# Funny chicks with cabbage and lettuce



## GratefulGirl (Sep 10, 2012)

So the baby chicks have been uninterested in garlic, orange, kiwi and banana. But when I dropped a few pieces of cabbage and lettuce into the brooder the chase was on! Cabbage was the favorite and the chick in possession of the little slice would run around all over the coop peeping the whole time with the rest of the flock peeping and giving chase FAST little feet pitter pattering and the cabbage slice bouncing in her beak the whole time! Then she would put it down to try to eat some of it and another chick would steal it and the chase was on again. This went on for several minutes and I thought I was gonna bust a gut laughing it was one of the funniest things I have ever seen! Great entertainment for them and for me! I gotta figure out how to use that new video gadget so I can record it!

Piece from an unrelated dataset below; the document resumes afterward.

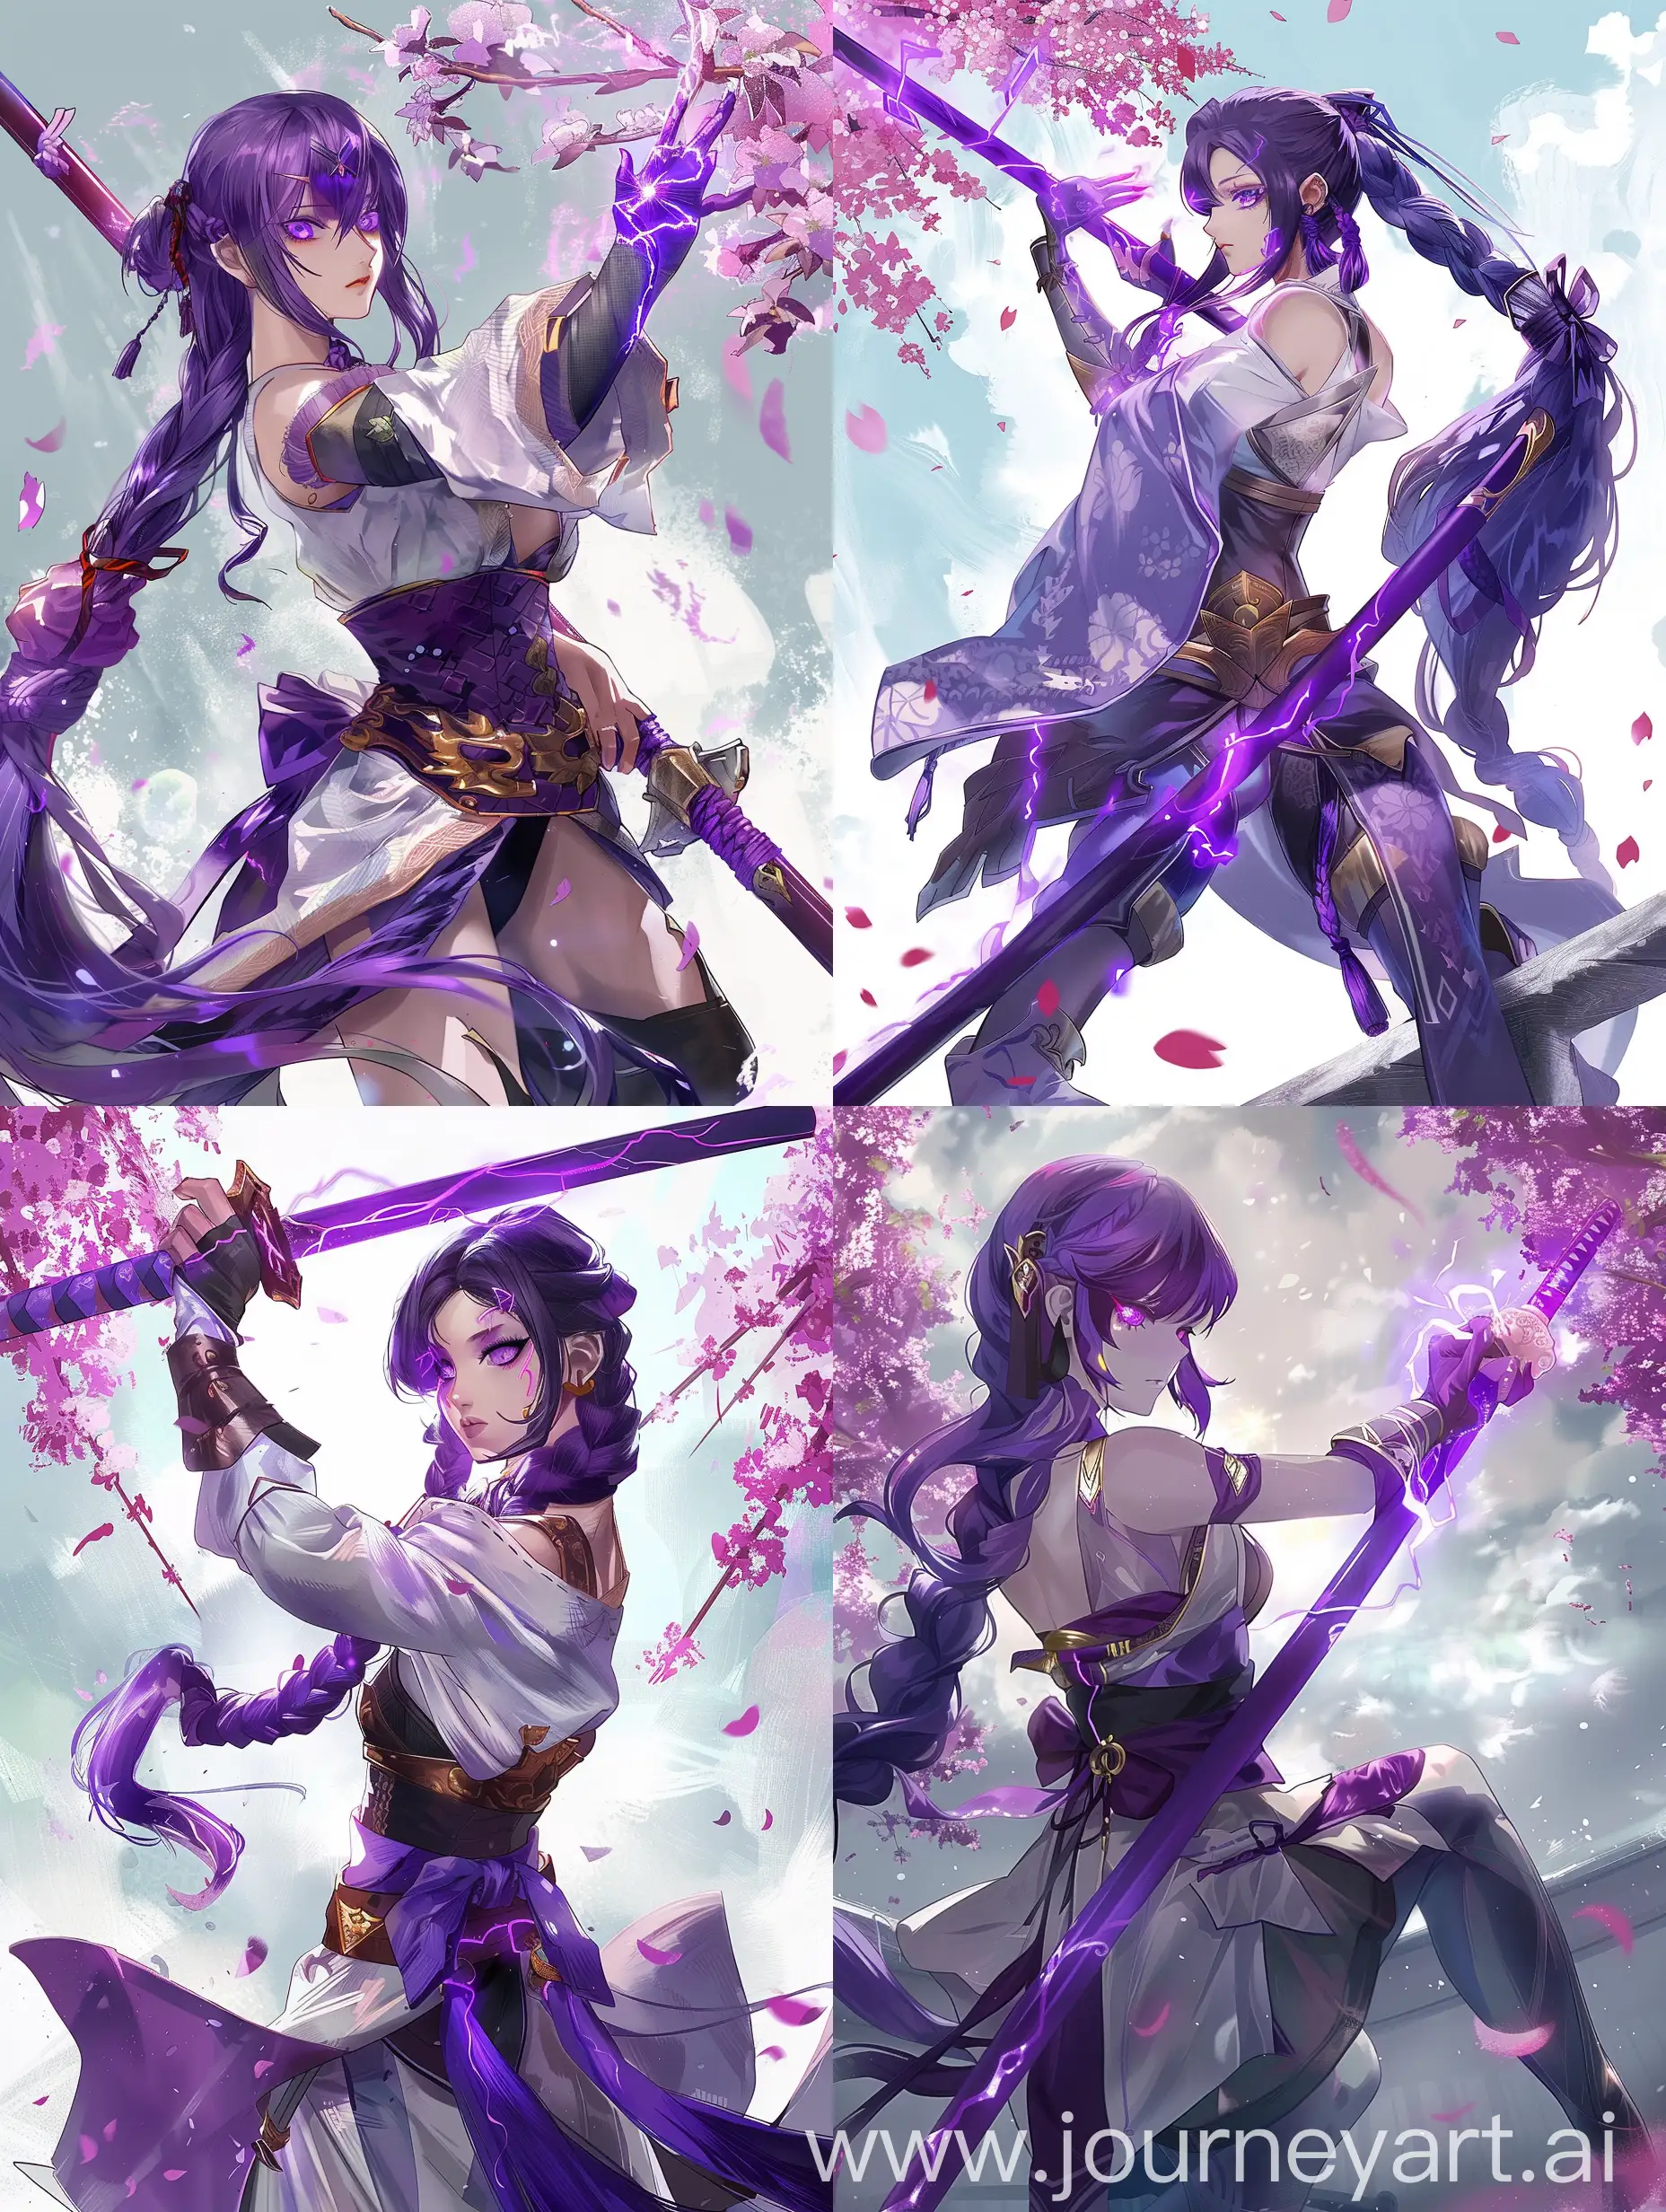 Girl with purple electric naginata, purple eyes, long braid of purple color, fighting stance

--sref https://sun9-64.userapi.com/impg/ed5Rmi6qrYdFhHkTKh4CgSPO3o0O6ct3ofgTiw/rxToLQCKPzE.jpg?size=1036x1577&quality=96&sign=692da573605e6f6c4d2eb03f5384956d&type=album

I would love to hear your funny stories so please do share if you like.


----------



## briannasellars (May 14, 2013)

Aww! Sounds adorable! What kind of chicks do you have?


----------



## GratefulGirl (Sep 10, 2012)

I went for the ones who are docile, good layers, egg color variety and heat tolerant. Americauna, Buff Orpington, Dominque, Ideal 236, Rhode Island Red and Silver Lace Wyandotte. I'm sure I will be adding more next spring but 12 is a good start! How about you?


----------



## Itsacutefuzzball (Mar 16, 2013)

I went for eggs and friendliness in my chicks. I think I messed up when I got two leghorns though! I have 1 Barred rock, 2 leghorns, 2 Dominiques, and 1 partridge rock.


----------



## briannasellars (May 14, 2013)

GratefulGirl said:


> I went for the ones who are docile, good layers, egg color variety and heat tolerant. Americauna, Buff Orpington, Dominque, Ideal 236, Rhode Island Red and Silver Lace Wyandotte. I'm sure I will be adding more next spring but 12 is a good start! How about you?


I have Rhode Islands, Golden Laced Cotients and D'uccles.


----------



## kjohnstone (Mar 30, 2013)

I have fed mine cabbage too, shredded fine. (and yep, that's about how they acted. now the novelty is gone, but it still makes them happy and gets eaten very fast)


----------